I want to know which way the prevailing wind is blowing, where the doldrums
can be expected and where the shoals will likely rise. I will not claim to
know which vessel is the fastest or most comfortable for passage - but I can
read the charts and know the risks.
I am not a salesperson for the market and its many wares. I observe it, contextualize
its moving parts - both visible and discrete - and interpret.
I practice Market Anthropology - Welcome to my notes.

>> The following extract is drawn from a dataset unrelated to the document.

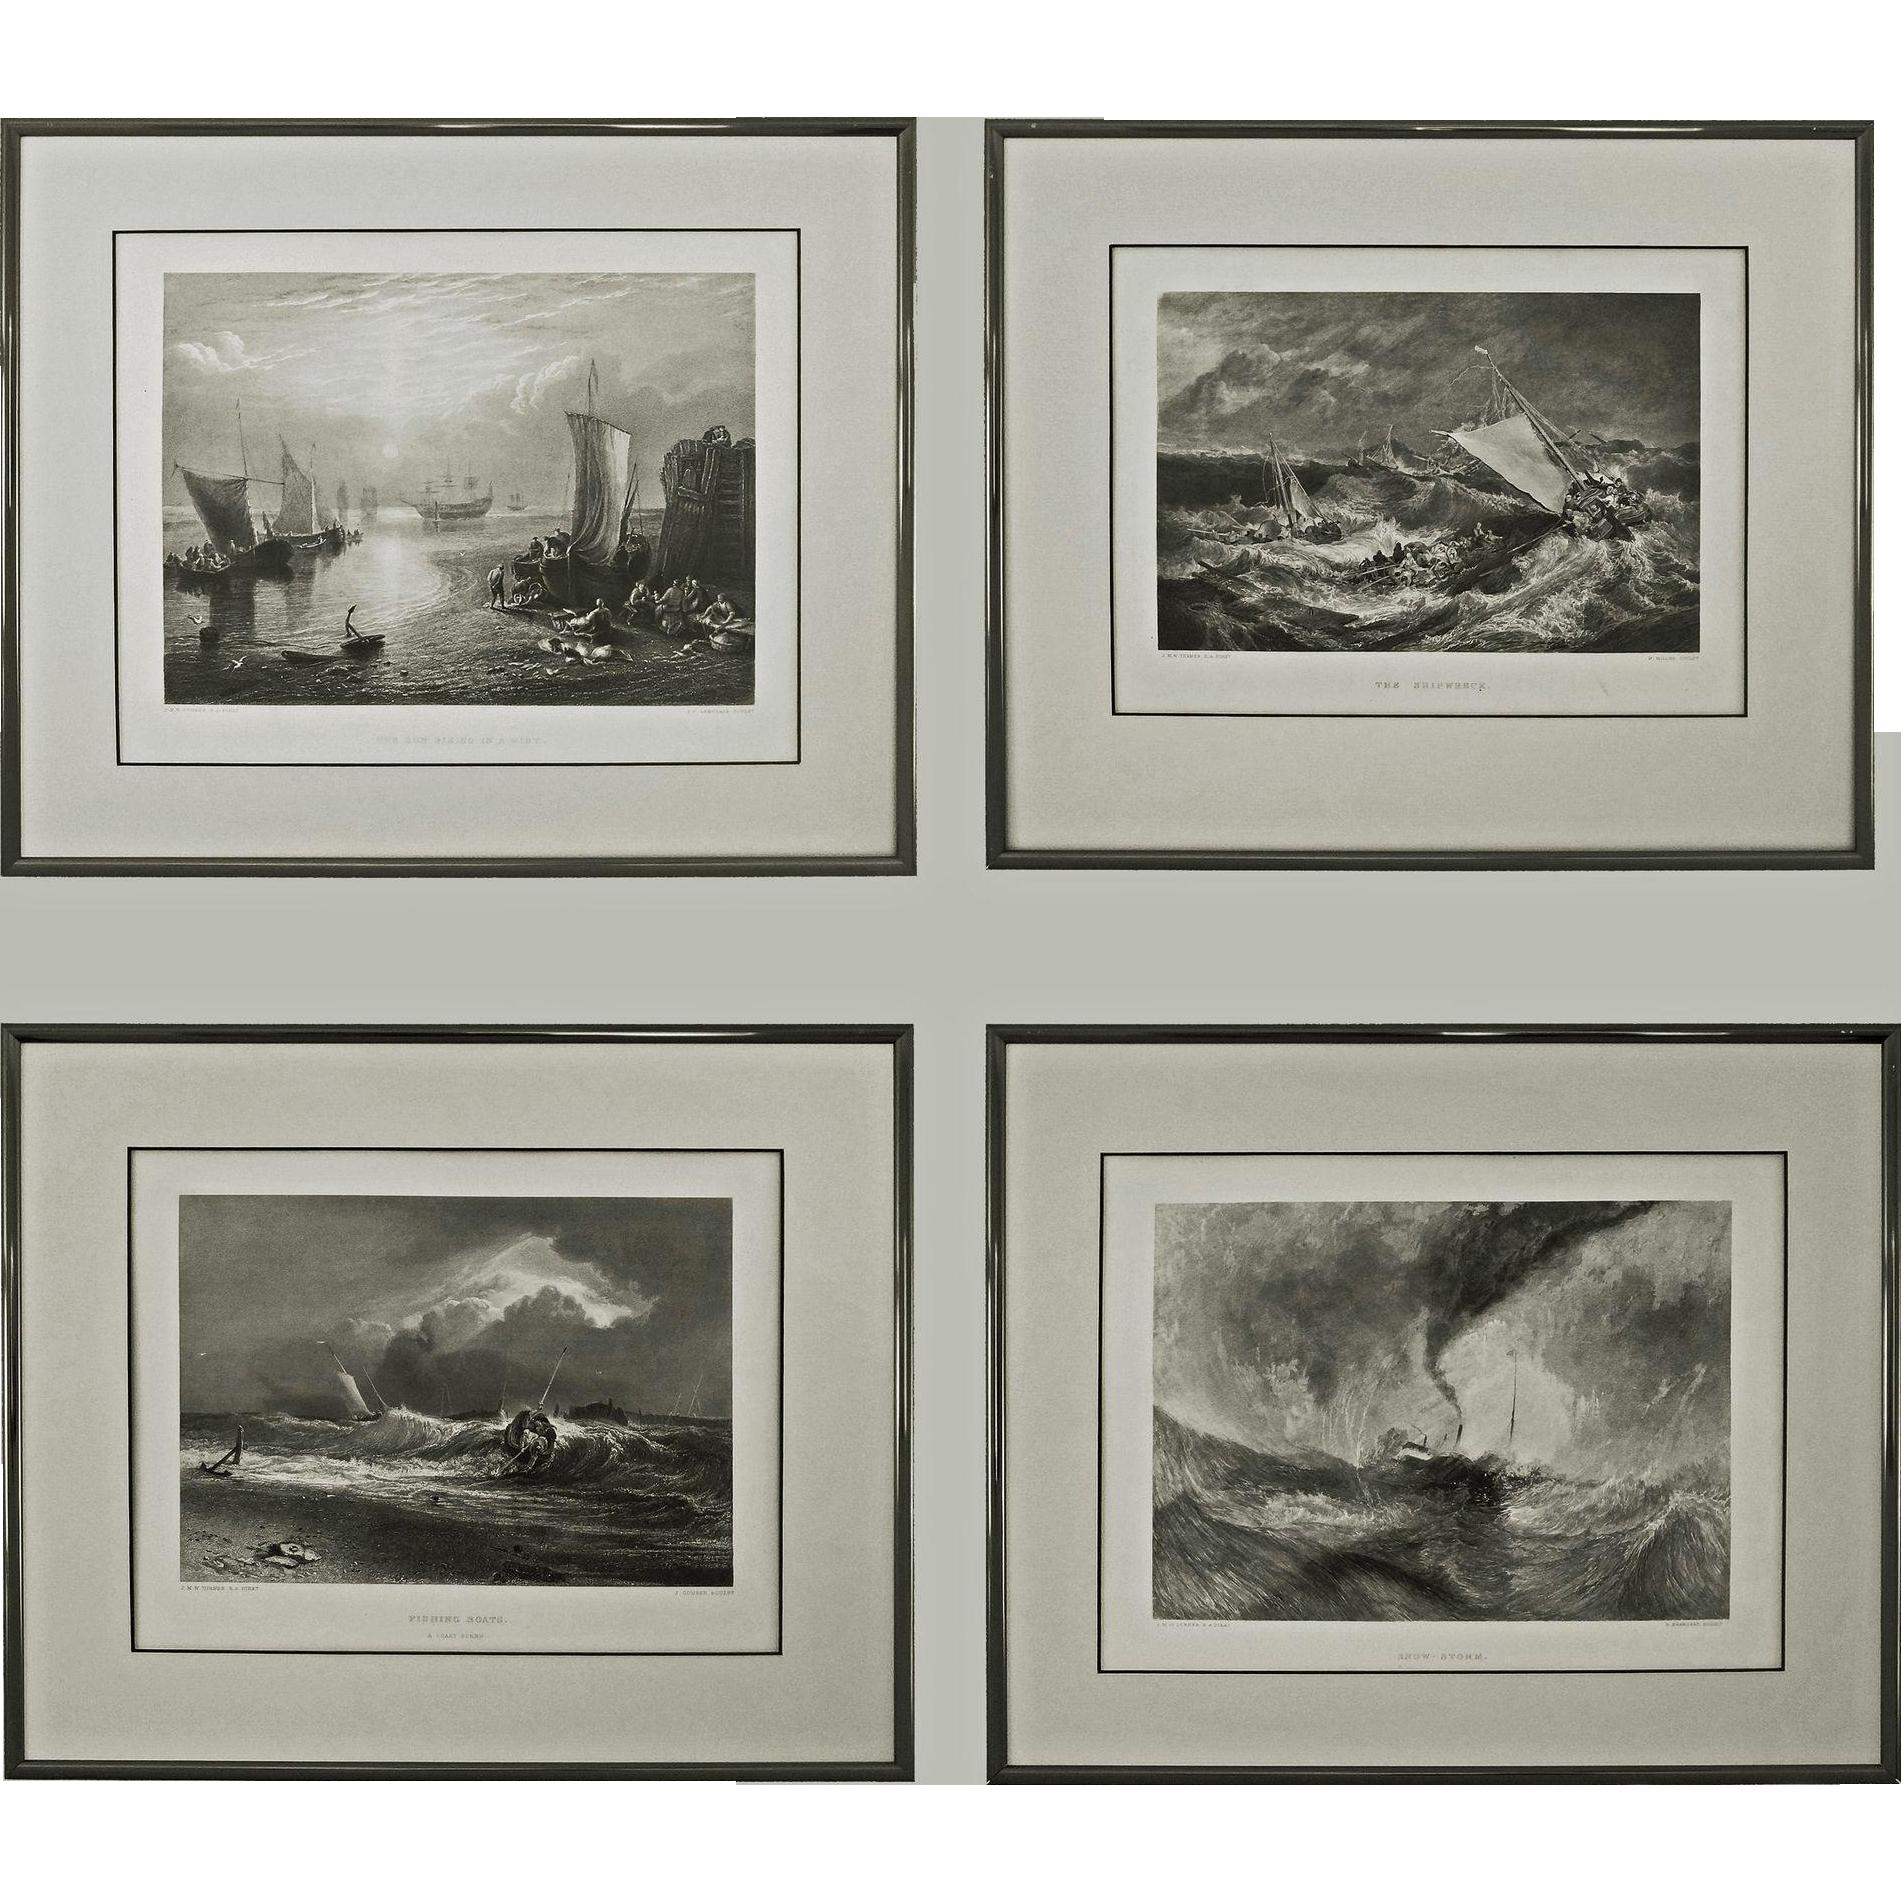 Set 4 Turner Maritime Nautical Engravings - c. 19th Century, England
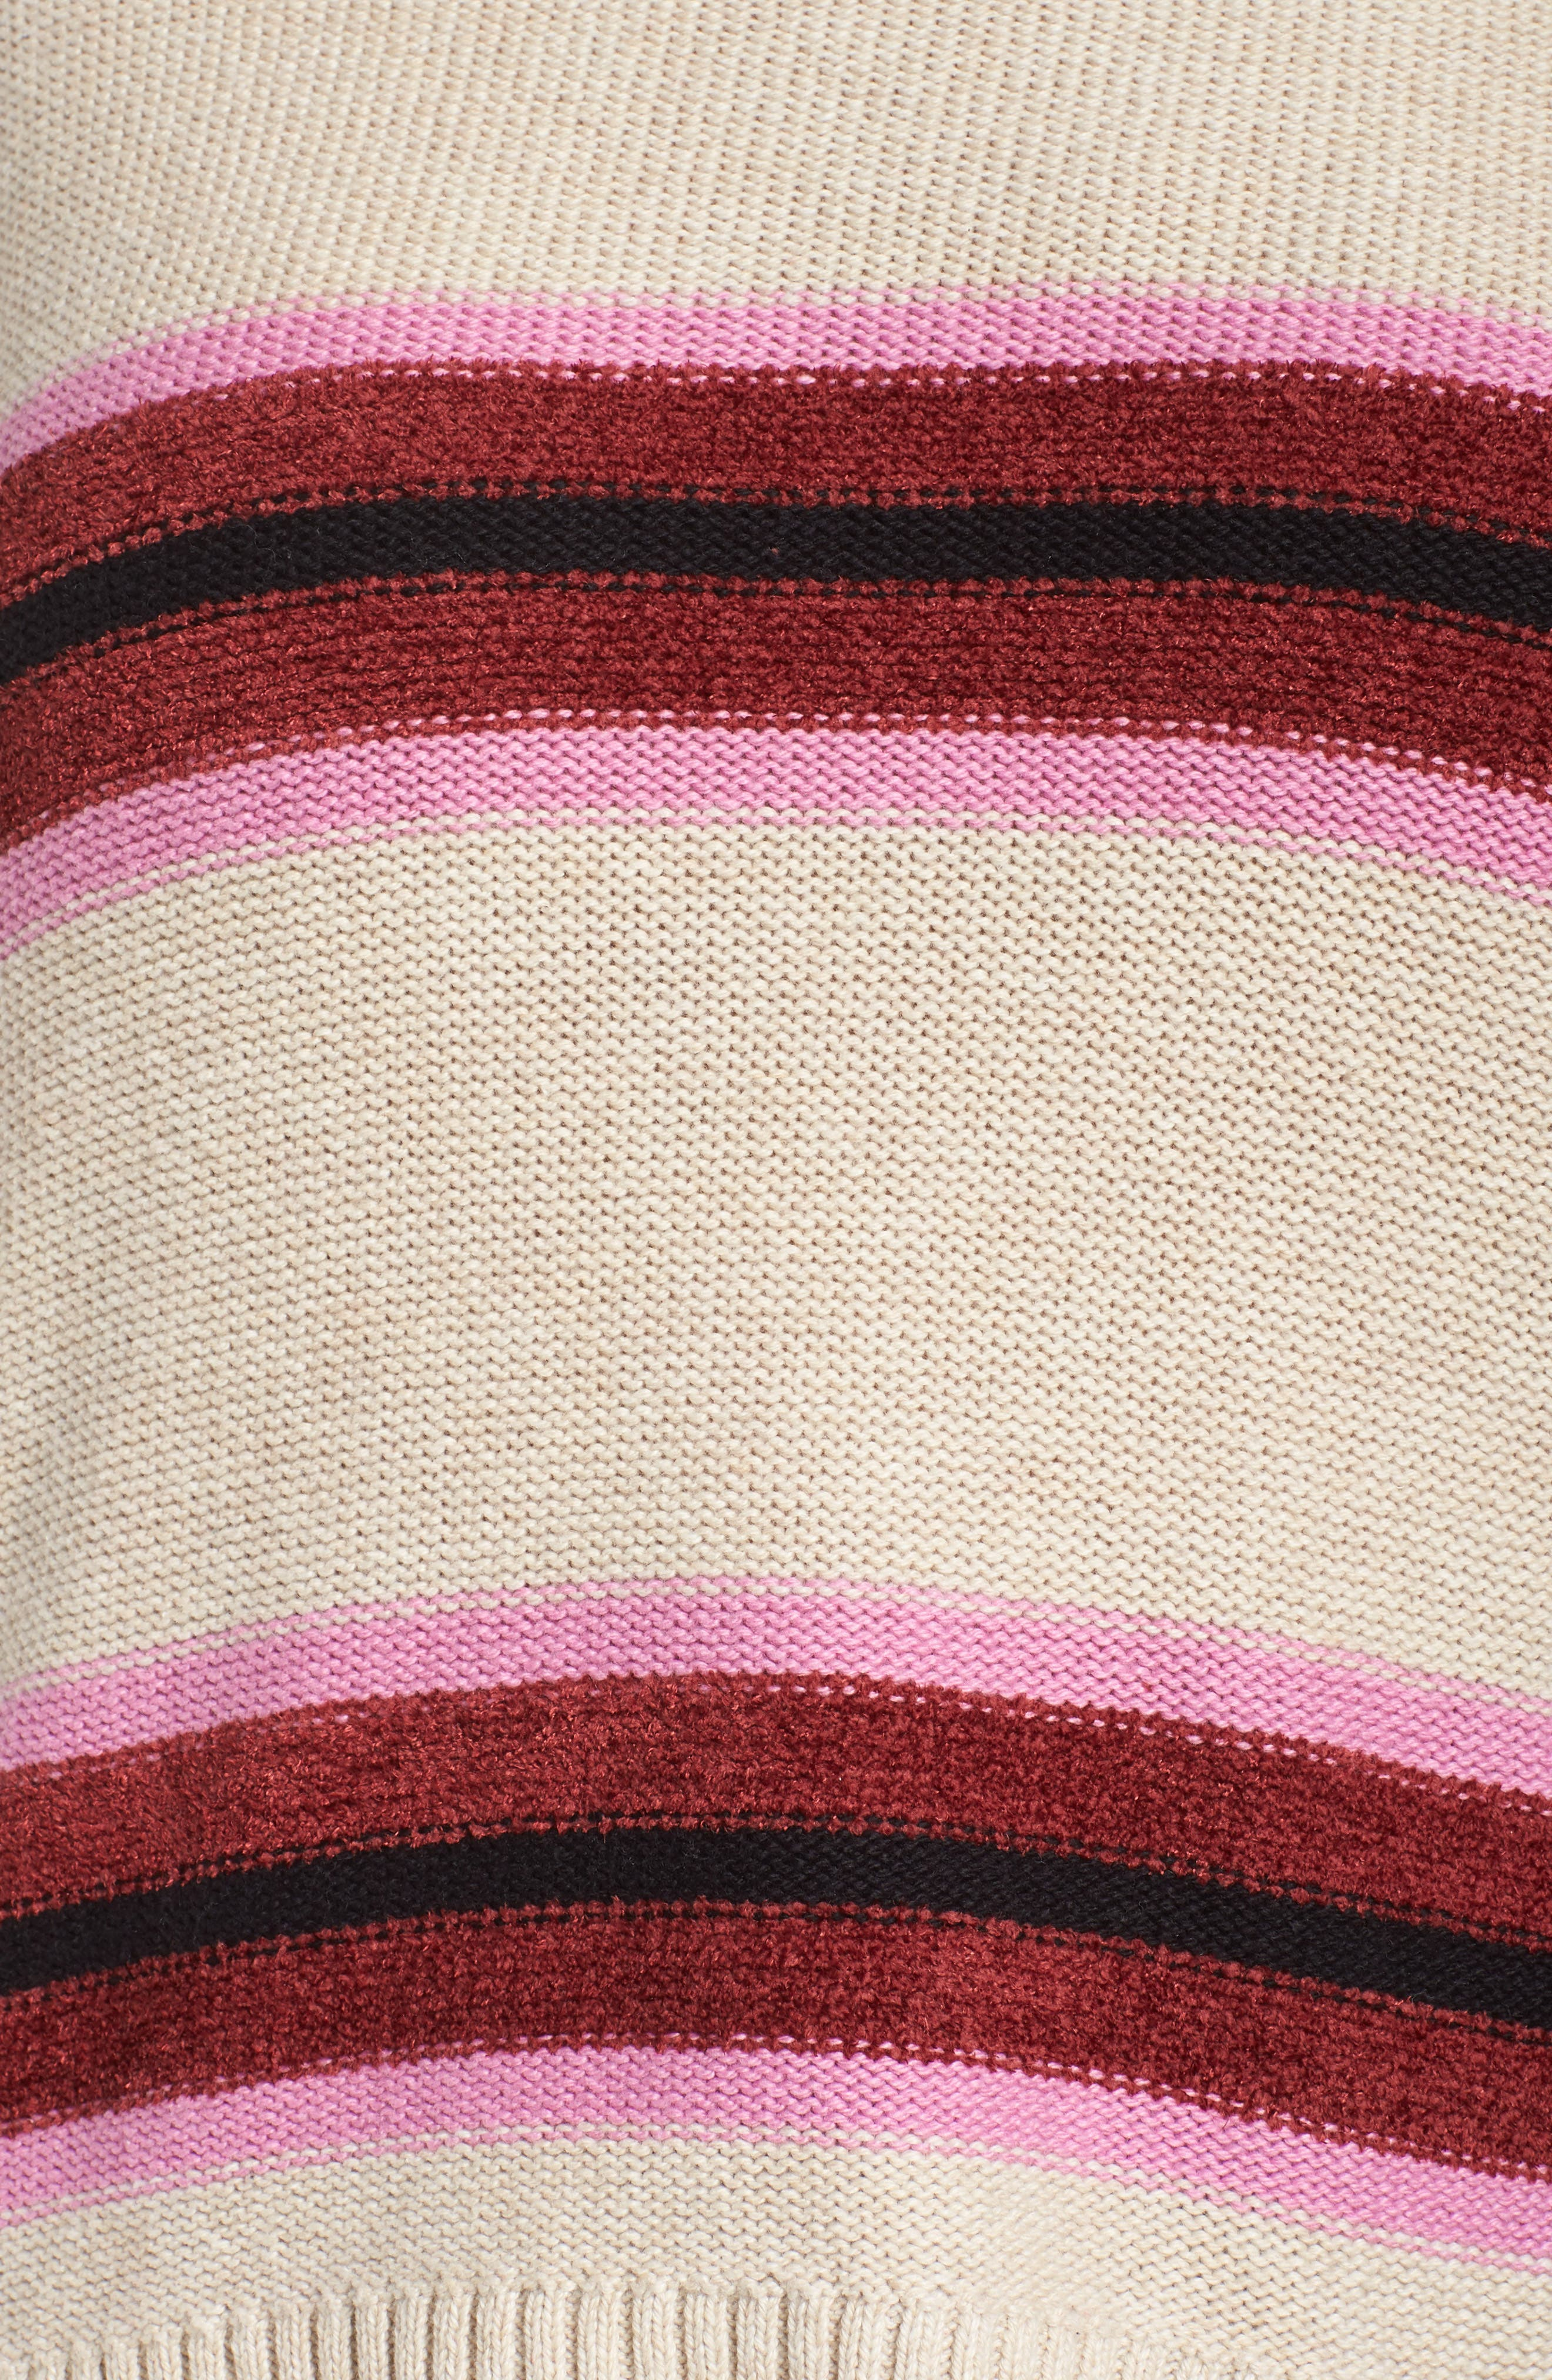 Everyday Stripe Sweater,                             Alternate thumbnail 5, color,                             BEIGE HEATHER ROBYN STRIPE

Erik Swarts is not a registered investment advisor. Under no circumstances
should any content be used or interpreted as a recommendation for any investment,
trade or approach to the markets. Trading and investing can be hazardous to
your wealth. Any investment decisions must in all cases be made by the reader
or by his or her registered investment advisor. This is strictly for educational
and informational purposes only. All opinions expressed by Mr. Swarts are subject
to change without notice, and the reader should always obtain current information
and perform their own due diligence before making any investment or trading
decision.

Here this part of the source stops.